A real eye opener was Maru Tarang, an amazing collaboration of vocals, guitar, tabla, khartal and sindhi sarangi. Don’t worry, I had no idea what these instruments were until I saw and heard them. Jeff Lang may be the man holding the guitar but he real does play second fiddle to the eye-opening talent sitting around him. For sheer musicianship, Maru Tarang has it in abundance.

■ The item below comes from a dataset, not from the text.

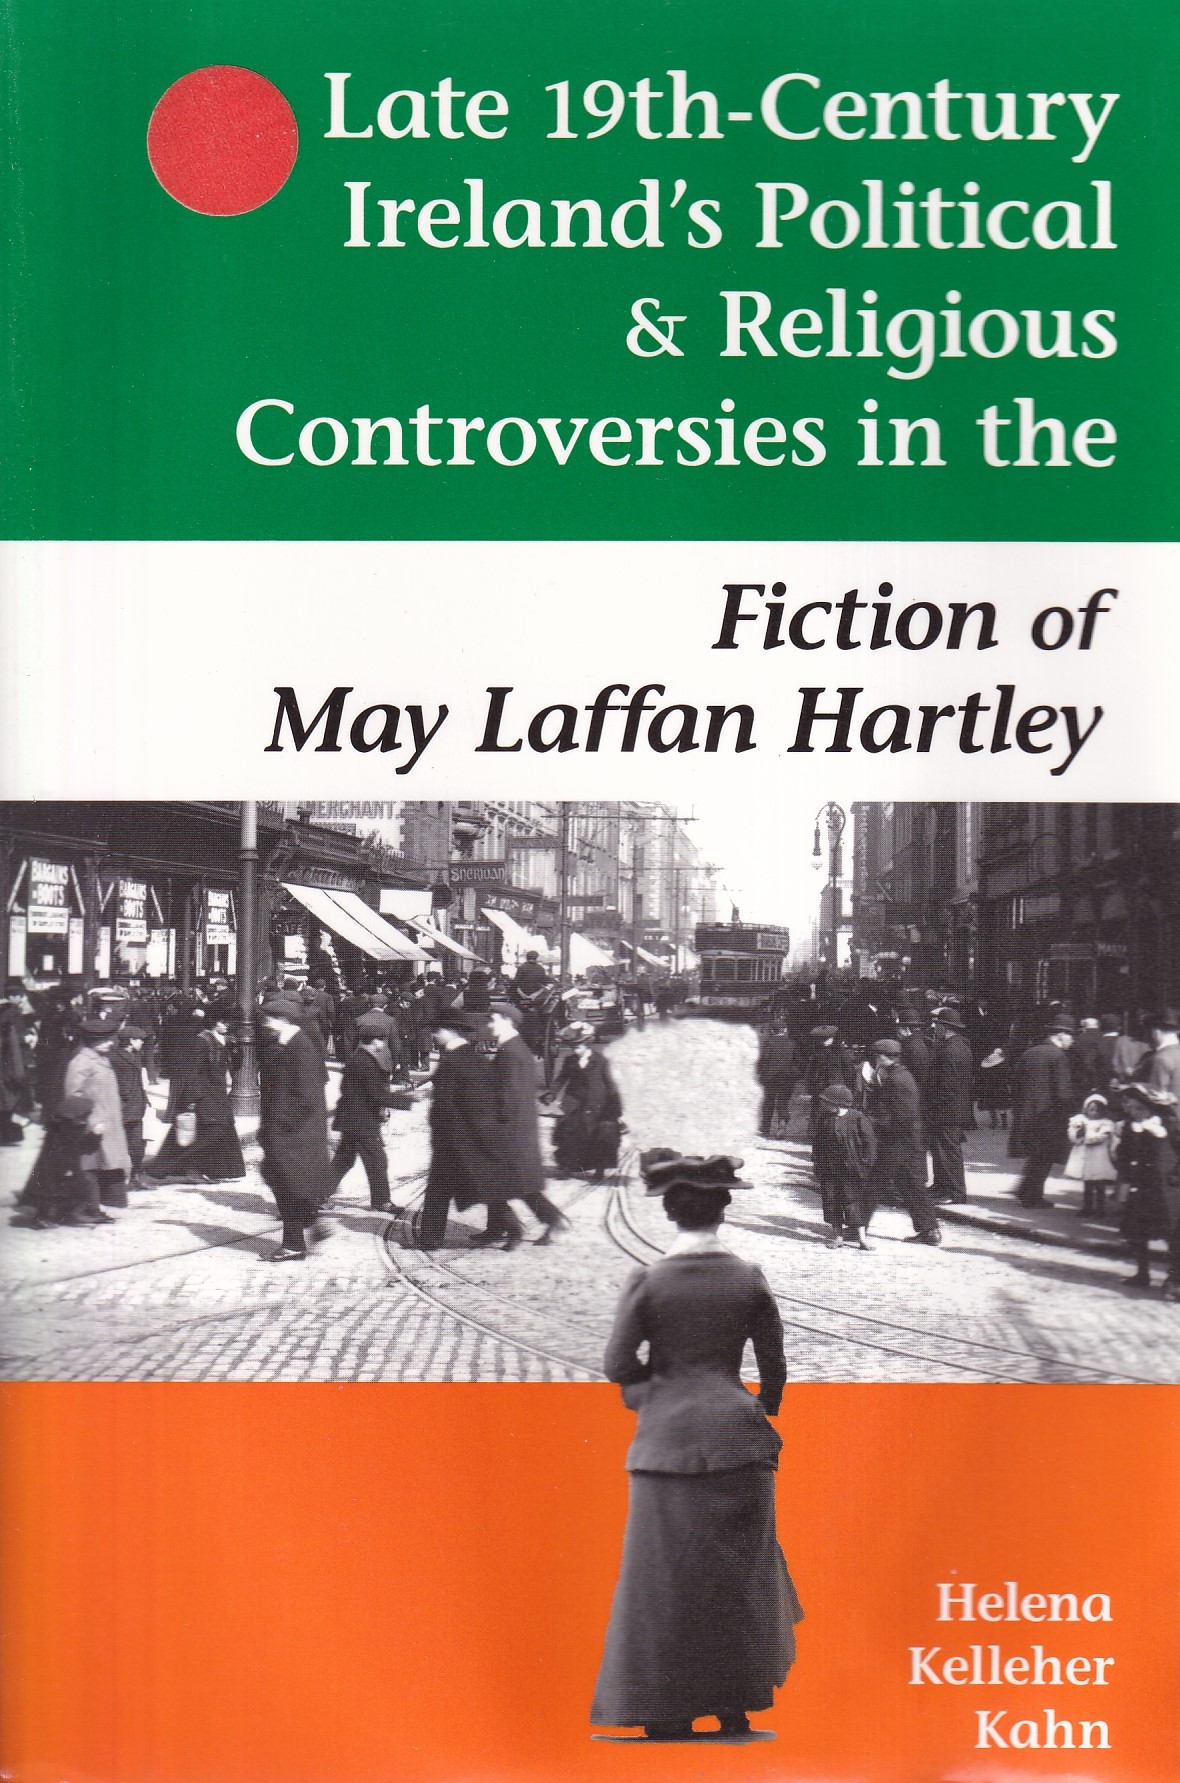 Late 19th-Century Ireland’s Political & Religious Controversies in the Fiction of May Laffan Hartley | Helena Kelleher Kahn | Charlie Byrne's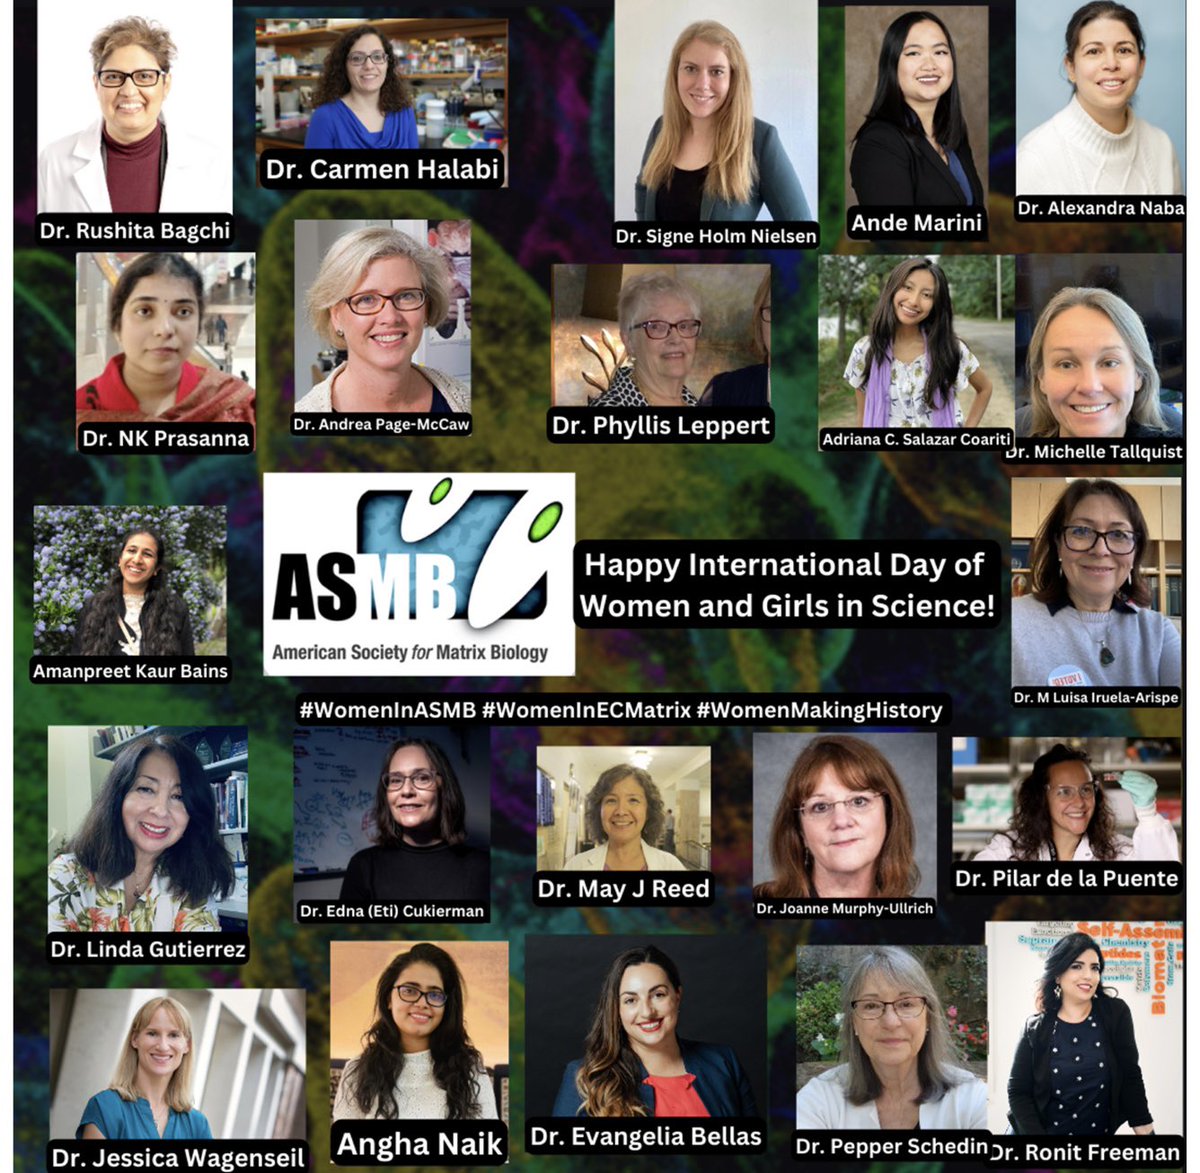 ‼️🎉Are you a #WomenInASMB or someone who promotes #WomenInSTEM? Then consider submitting to our ASMB highlight survey for #Internationalwomenandgirlsinscienceday (found in our e-blast)! We would love to highlight the amazing women! See our collage from last year!

John Butler was a nightmare to photograph, and for the people in the front rows. Predictably punters had made their way to the front barrier prior to the set, and the six foot space in front of the front row was filled with people standing in preparation for Butler. I too was amongst the throng with my camera to try and get something decent (no photo pits at this festival). And then, just before Butler was to arrive on stage, everyone who was standing was asked to sit. What a joke. There was no room for anyone to sit and we ended up on the ground all over each other. I stayed and shot for one song, that’s all I could put up with. My apologies for the lack of review of JB’s set but I was out of there quick smart and headed to the Big Top.
And it was a wise choice to grab some time with Buffy Sainte-Marie, an absolute folk legend who on stage delivers a multi-genre onslaught. This was a high energy performance, powerful, and insightful. And when she rocked she did it hard which is great to see at this festival.
A quick dash over to the RSL Blue Room to catch the final three songs of The Mighty Reapers. With blues, soul and funk in abundance, the Reapers could be the best party band happening. The dance floor was packed, “Continental” Robert let out his vocal screams, and it began to get steamy in the Blue Room. The perfect fix to the evening mountain chill.
You can’t help but fall in love with Henry Wagons. The enigmatic vocalist lead his band, Wagons, through a raucous set that closed out the RSL Pavilion in style. These guys carry a great live presence, interacting with the crowd, funny and personable, they’re the band you want at your house party. What a great way to finish off Saturday night.
Following a leisurely start to my Sunday, I decided to check out one of the young artists at the Tantric Turtle stage. Performing as part of the Folk Alliance Australia showcase, 18 year old, Andie, is a Blue Mountains local who possesses a crystalline voice and some wonderful songwriting. Throw in some trumpet beat boxing and you have a great way to begin the day.
Back into the RSL Blueroom for a guy that I have wanted to catch for many years, Steve Poltz. Totally engaging this guy, right from the moment he comes onstage to introduce himself to a rounding applause. And when he loops into his “Aussie Anthem”, ‘Fuckin’ Fucked’, he had the crowd in stitches. Great songwriting, clever lyrics and a wonderful guitarist to top it off. I should have caught him live years ago.
Back into the RSL Pavilion to find a good spot to catch Macy Gray. After the mess that was the previous night’s John Butler photo access, I grabbed a front row seat early to ensure I had my spot. Striding onstage all glammed up, Gray owned the stage. She charmed the audience which was now thick within the pavilion, and delivered a set full of her early classics. To hear that voice live was an experience that will live me for a long time.
For this reviewer, the Blue Mountains Music Festival is all about catching some well known artists, and stumbling upon some hidden treasures. Each year, and I have been going for about 10 years now, I seem to know a handful of artists prior to turning up, and leave with another handful to Youtube. This year was no exception.